As noted earlier, the simulation model consists of some single-country regions. In order to give all countries scope for improvement in the modest scenario, “regional best practice” is defined with respect to the seven regions used in World Bank statistics, six geographic regions for developing countries and a non-geographic “high income” region. The regional best practice countries in terms of border administration and infrastructure are Malaysia (East Asia and Pacific), Lithuania (Europe and Central Asia), Singapore (high income), Chile (Latin America and Caribbean), Tunisia (Middle East and North Africa), Sri Lanka (South Asia) and Mauritius (sub-Saharan Africa). Illustrations of the effect of improving each country’s Enabling Trade Index average score for border administration and infrastructure to regional best practice appear in table 5.

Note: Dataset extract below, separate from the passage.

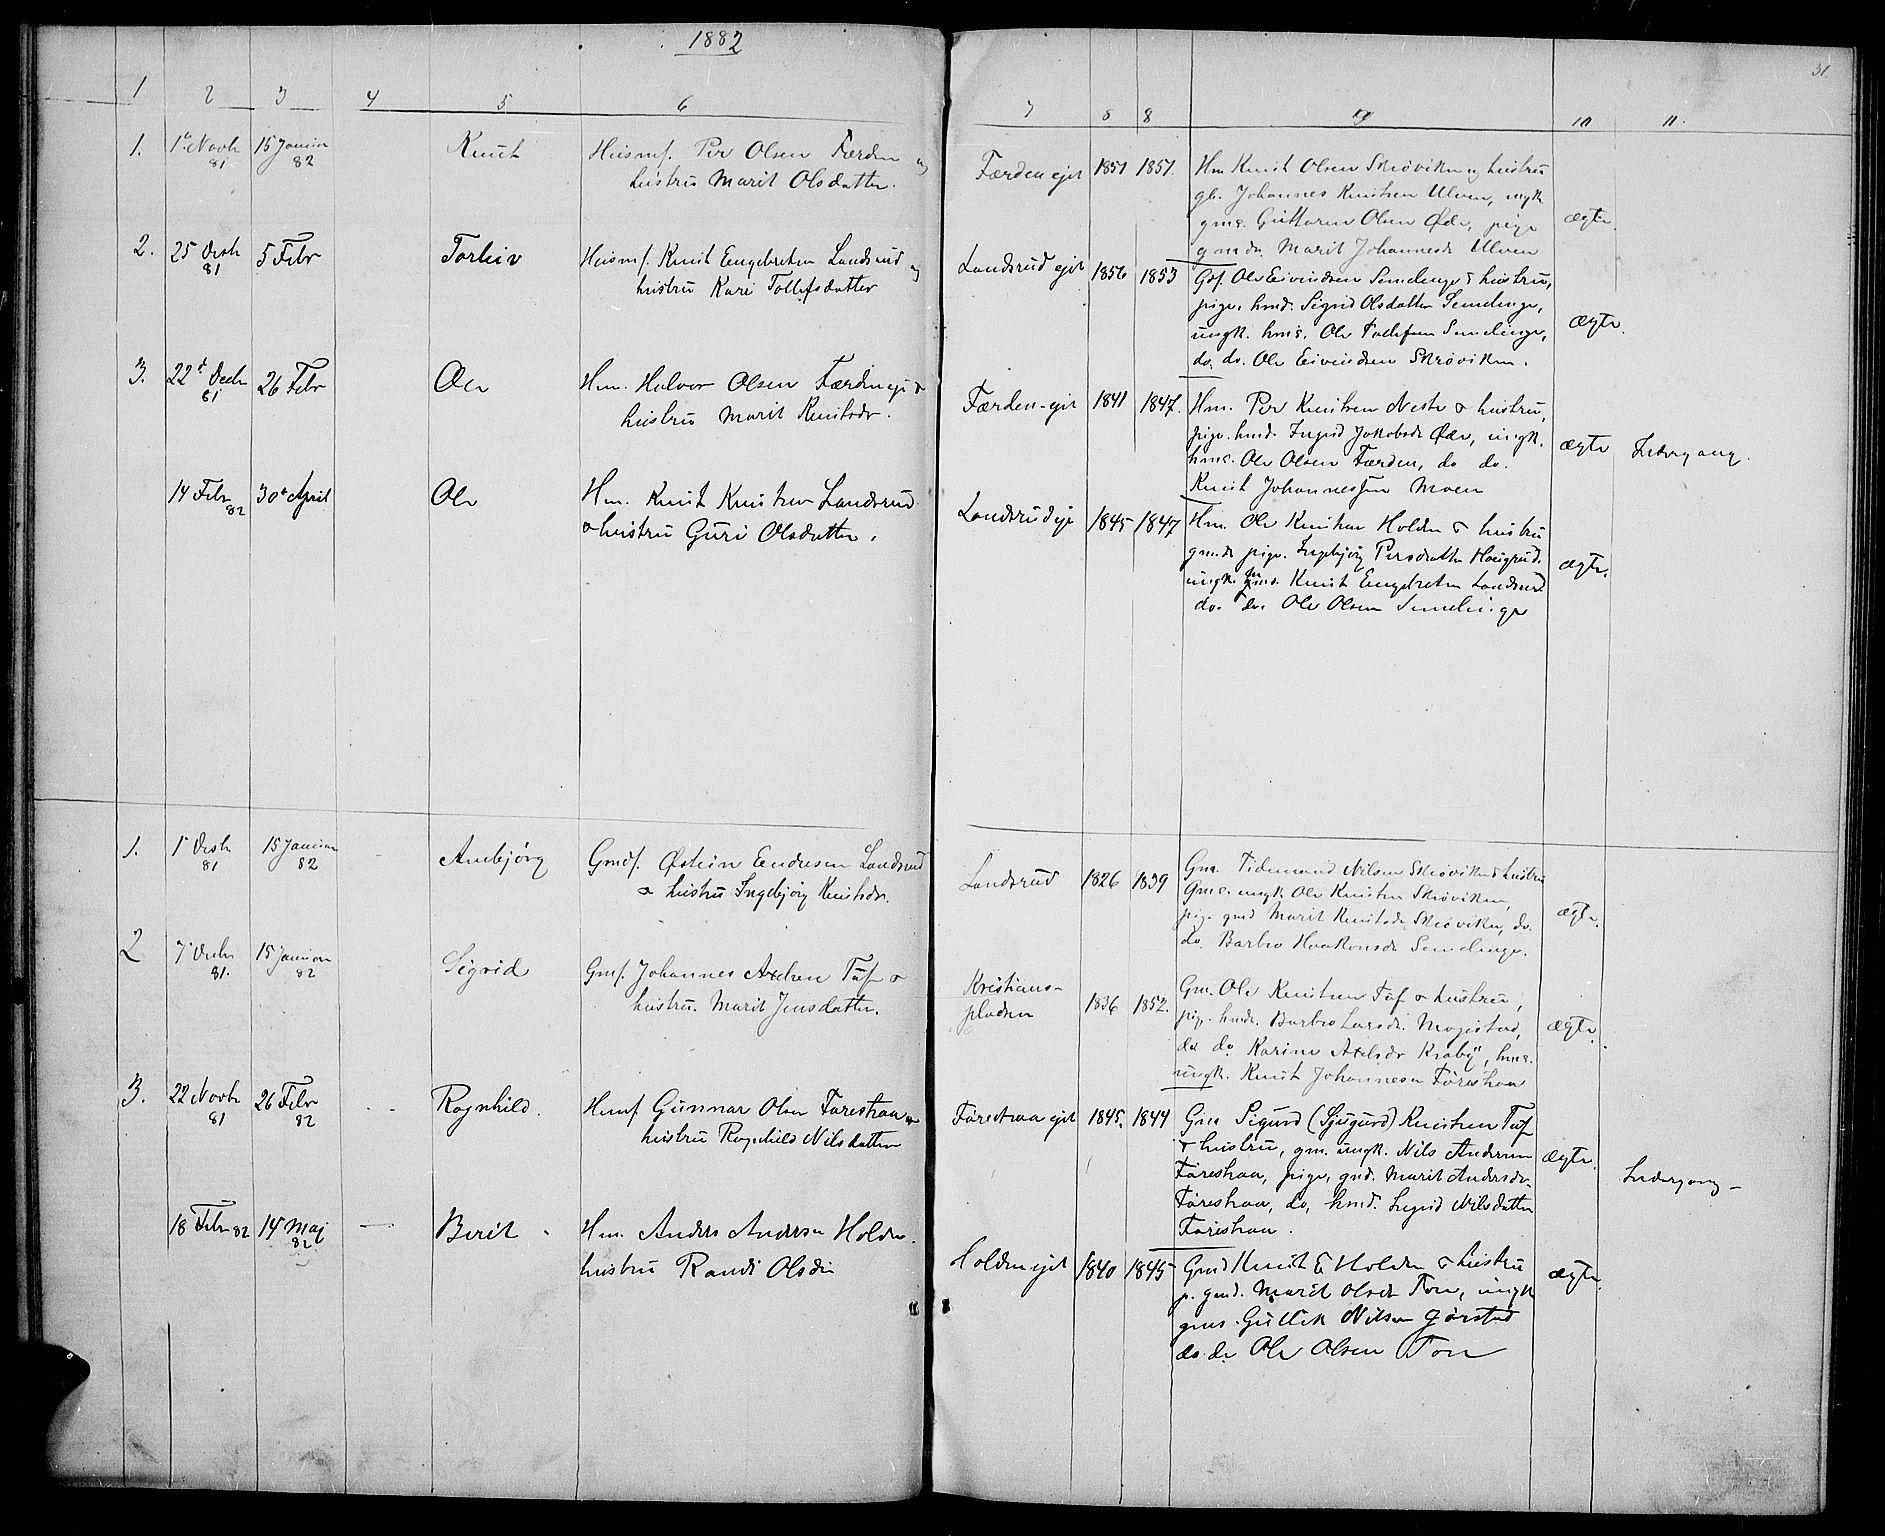 SAH, Vestre Slidre prestekontor, Klokkerbok nr. 3, 1869-1882, s. 31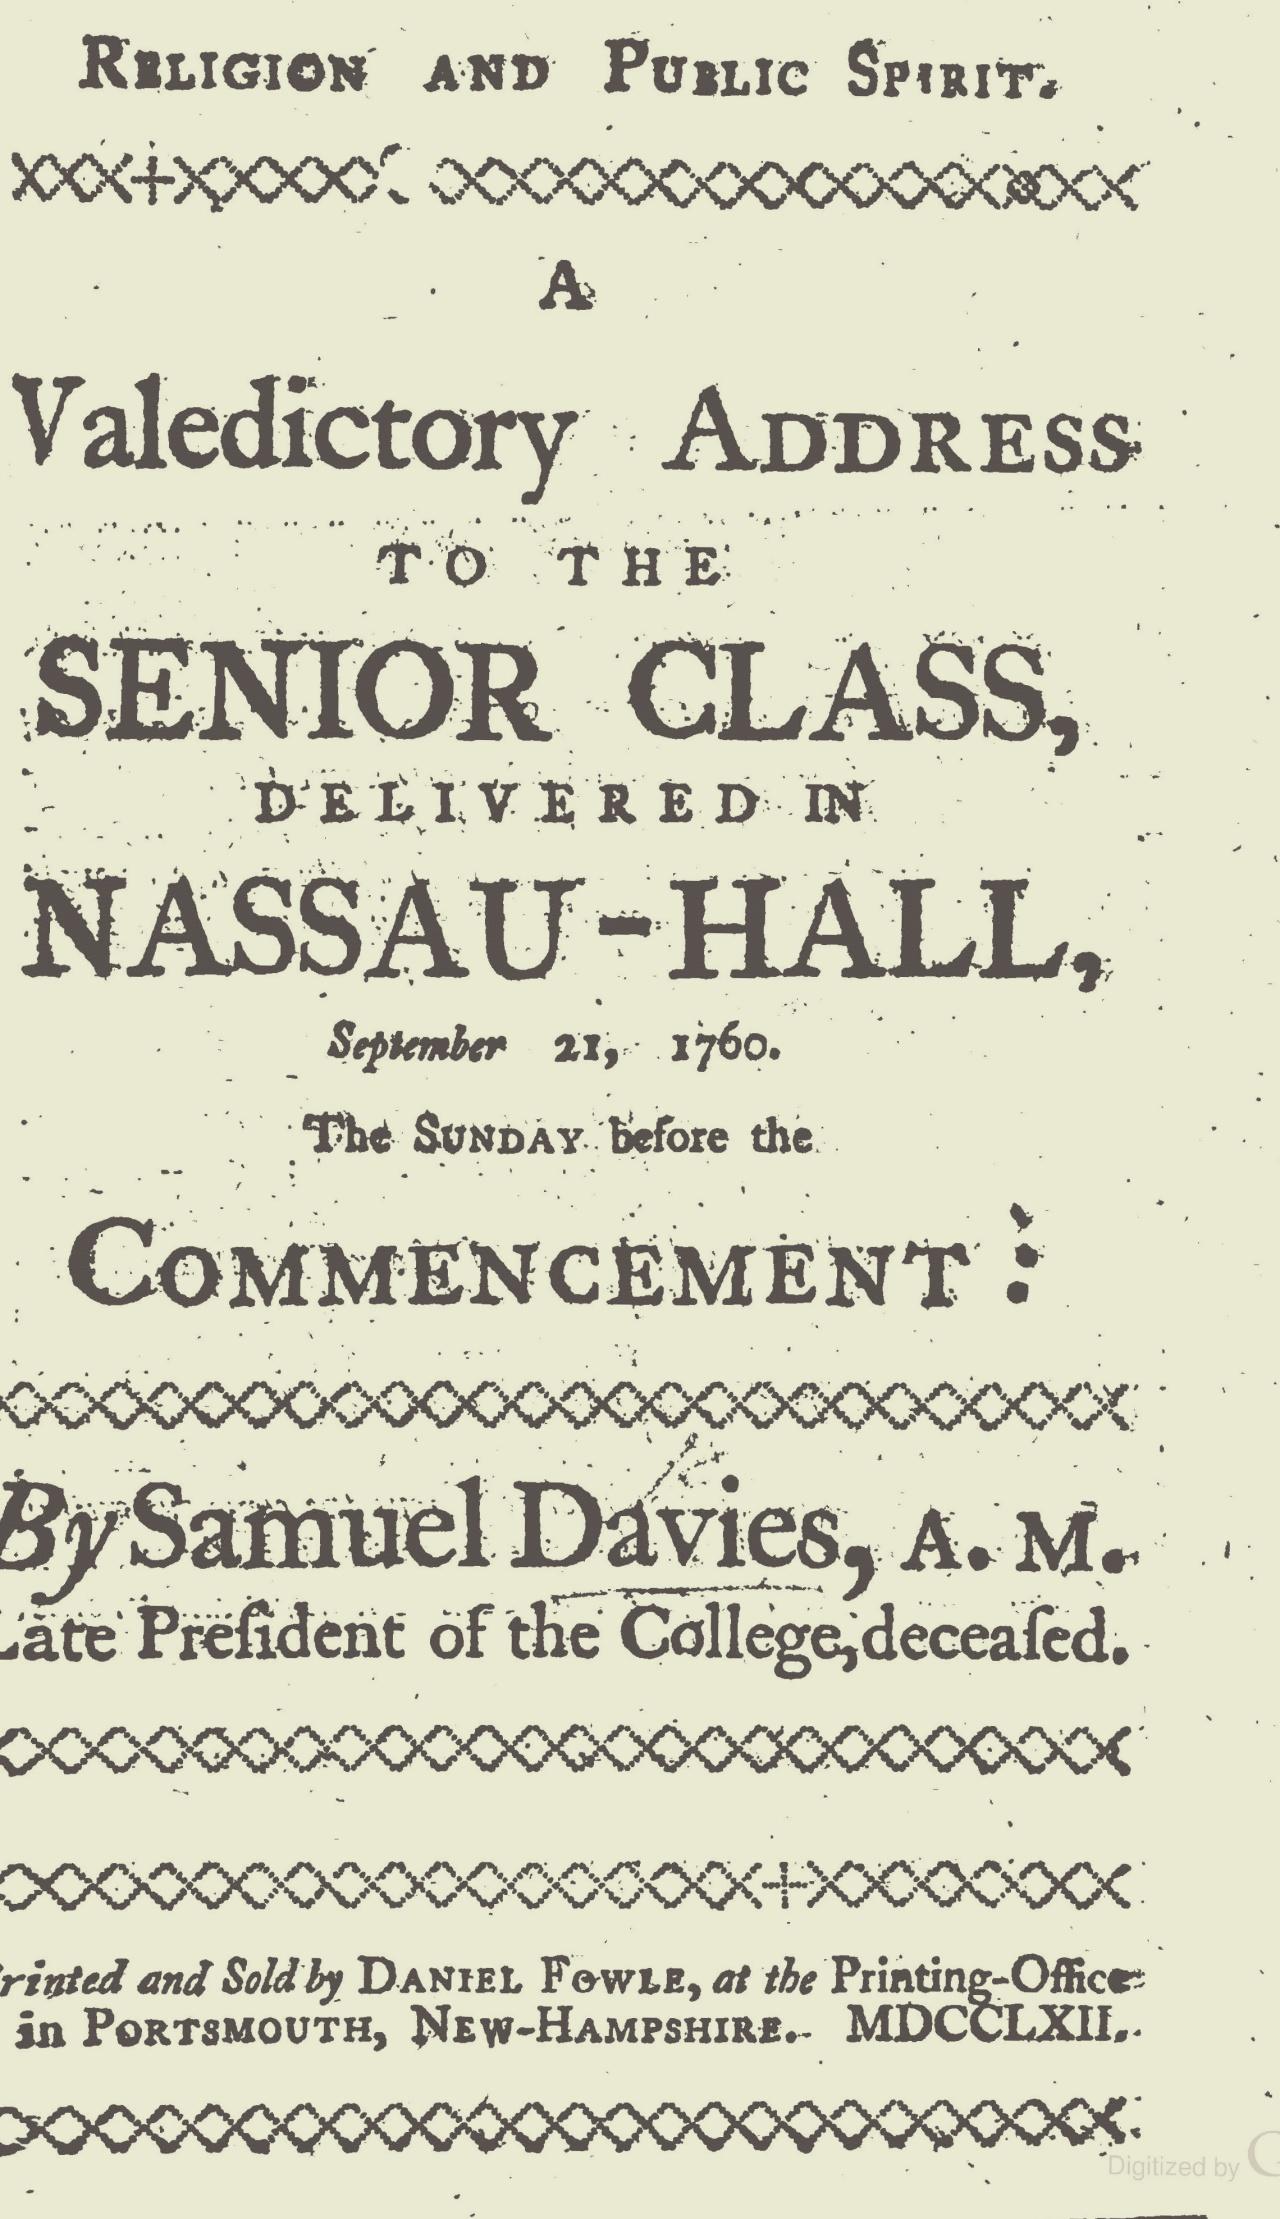 Davies, Samuel, Religion and Public Spirit Title Page.jpg

Table 5: Illustrative improvements in trade facilitation – modest scenario
Several features of the modest scenario are worth noting. First, because the high-income countries are still improving halfway to global best practice, the same improvements are assumed in trade facilitation for these countries as in the ambitious scenario. For developing countries, smaller improvements are assumed. Second, among the World Bank regions, the standard for regional best practice is lowest in South Asia. This scenario thus assumes that Bangladesh and India do not make very large improvements in trade facilitation in order to go halfway to Sri Lanka. This feature of the scenario is illustrative; for example, a piece of sub-Saharan Africa, or some other grouping of countries, with lower regional best practice could have been constructed. But it shows what happens if any region lags in implementing trade facilitation.
In parallel with the ambitious scenario, table 6 illustrates the estimated increase in trade volumes between pairs of countries associated with the modest scenario. These are naturally smaller than the gains shown in table 3, except for trade among the high-income countries (illustrated by Singapore-Canada), which grows by the same amount as in the ambitious scenario.
As in the ambitious scenario, the increases in trade shown in the table are provided to the simulation model, which reconstructs a global equilibrium in which all markets clear and which reflects increases in trade approximating those illustrated in table 6.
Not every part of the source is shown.